Diane Maliukaetau
- Born: 12 September 1986 (age 39)
- Height: 1.76 m (5 ft 9+1⁄2 in)
- Weight: 95 kg (209 lb; 14 st 13 lb)

Rugby union career
- Position: Prop

Provincial / State sides
- Years: Team / Apps / (Points)
- Auckland

International career
- Years: Team / Apps / (Points)
- 2005–2006: New Zealand / 6 / (5)
- Medal record
Representing New Zealand
Women's rugby union
Rugby World Cup
| Gold medal – first place | 2006 Canada | Team competition |

= Diane Maliukaetau =

Diane Maliukaetau (born 12 September 1986) is a former female rugby union player. She played for and Auckland. She was in the squad that won the 2006 Women's Rugby World Cup.

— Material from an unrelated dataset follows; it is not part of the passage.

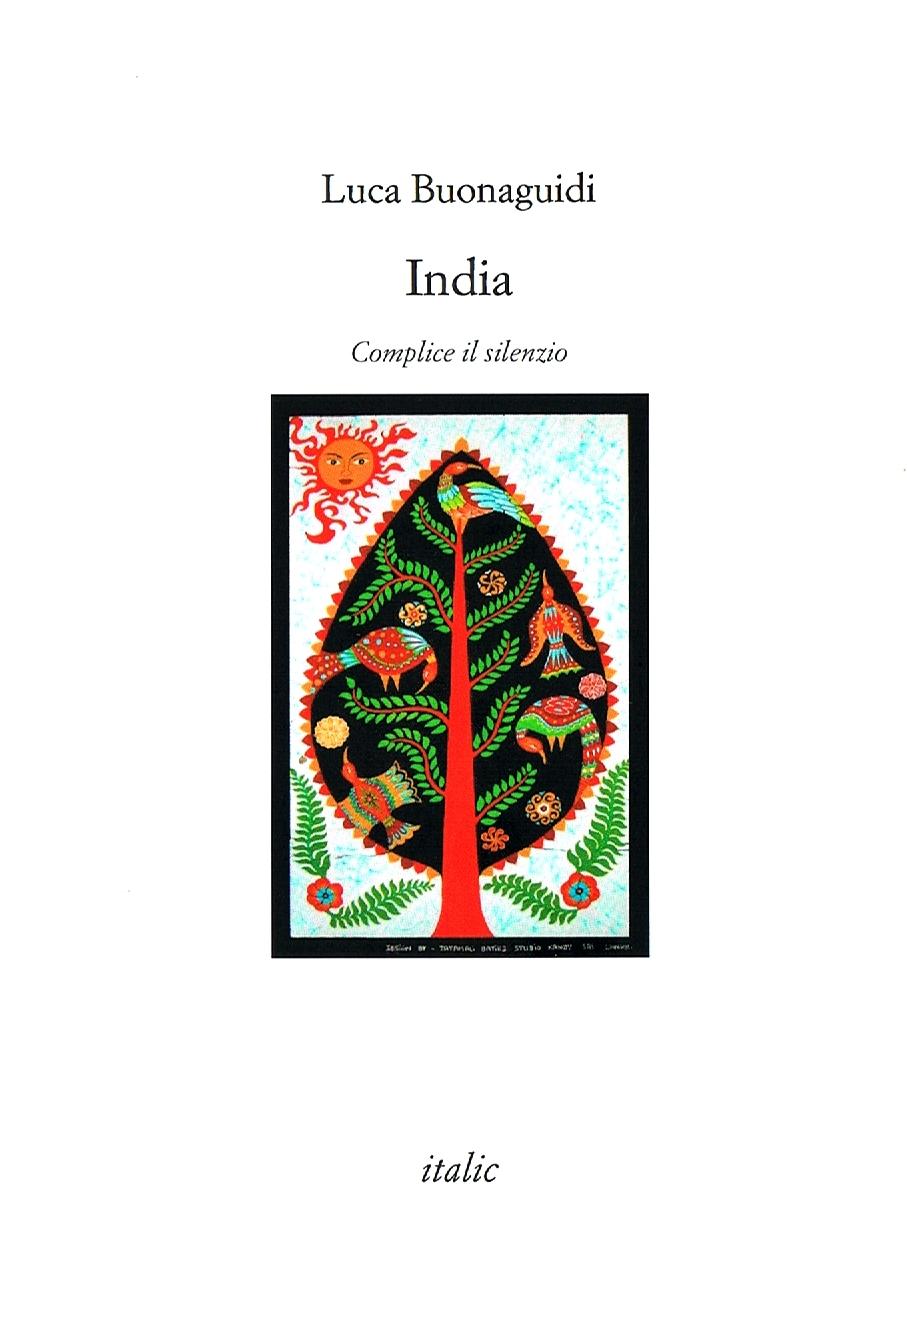 India – Luca Buonaguidi

Maliukaetau was born in Tonga and moved to New Zealand in 1999 where she attended Tangaroa College.

Maliukaetau played six tests for the Black Ferns, including four at the 2006 Rugby World Cup when she was only 19. She scored a try in the opening match against Canada. She started in the final against England when they won their third title.

In 2010, She was named in the Black Ferns training squad ahead of the Rugby World Cup, but missed out on the final selection.